Unrelated: I'm not saying it's because of Obamacare's passage that I'm listening to the blues, but let me tell you, Eric Bibb is fantastic. I highly recommend his album "Painting Signs." Brilliant.
First off this morning, a column from earlier in the week by Richard Rahn, a senior fellow at Cato. He writes on the importance of failure--especially as it relates to regulation of financial markets--in a capitalist society. I know that the self-esteem society has infected much of our debate about practically everything, but it's important to remember that people have to be allowed to fail. Does this make me a heartless conservative? Probably. I can live with that. Better that than the alternative.
Next, a column by another one of those conservative ideologues from whom I mindlessly take my marching orders, Mark Steyn. But seriously, folks, in this column about civilizational decline, he draws important lessons from the decline of the British empire and why it wasn't bad, because America took its place, but also how if/when America declines, it will be bad because, well, who's going to take America's place?
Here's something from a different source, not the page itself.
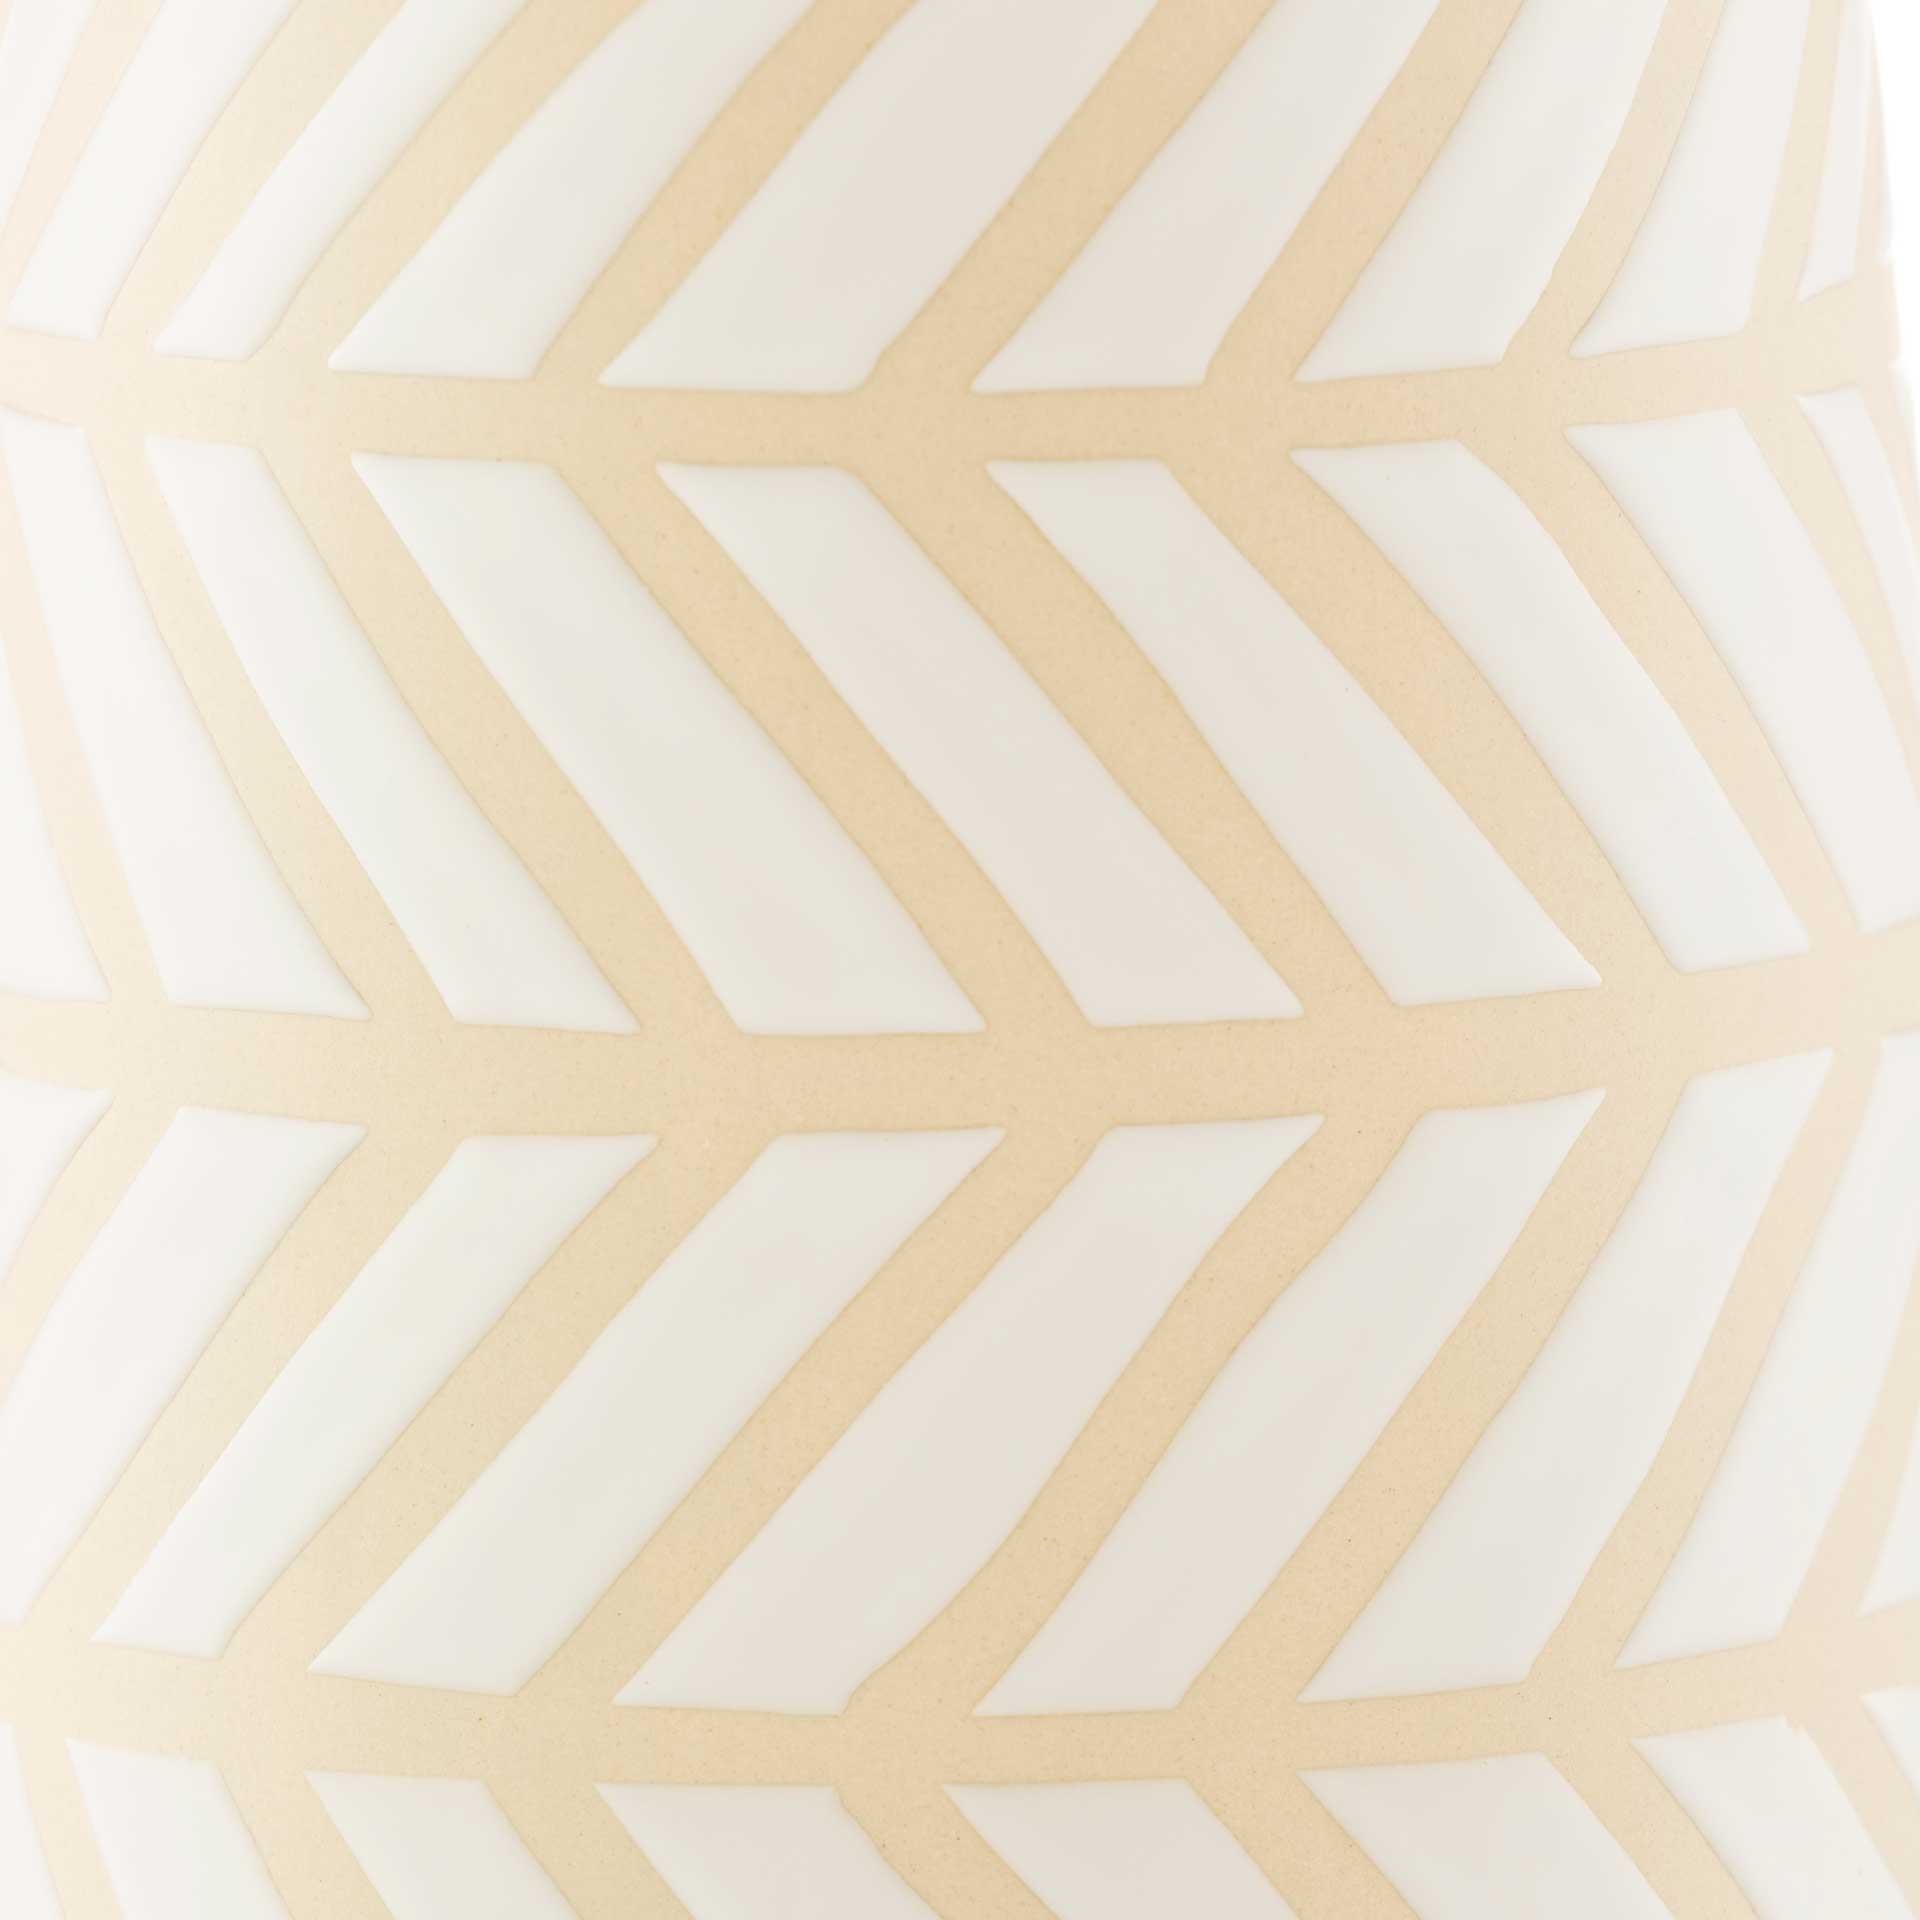 Kira Vase Cream/White

Who's going to be the benevolent hegemon, allowing the rest of the world to free ride on its guarantee of peace and prosperity? The hard lesson is that there isn't anyone else.
Lastly, a bit of optimism in the form of a look at Paul Ryan. In case you hadn't picked up on it yet, I'm a big fan of the guy. He singlehandedly took on the economically ignorant progressives on the House Budget Committee. Some have called him "Jack Kemp on steroids." Before all you deficit hawks get your panties in a bunch over that comment and the hypocrisy of conservative economics, let me say that unlike Kemp, Ryan is concerned about deficits and has proposed your kind of policy solution to what ails America. The GOP isn't just the party of no. (though if you're a small-government type, isn't that a good thing?)
FWIW, we liked Kemp because he, like Paul Ryan, was an unabashed defender and advocate of free market capitalism. There are too few of those.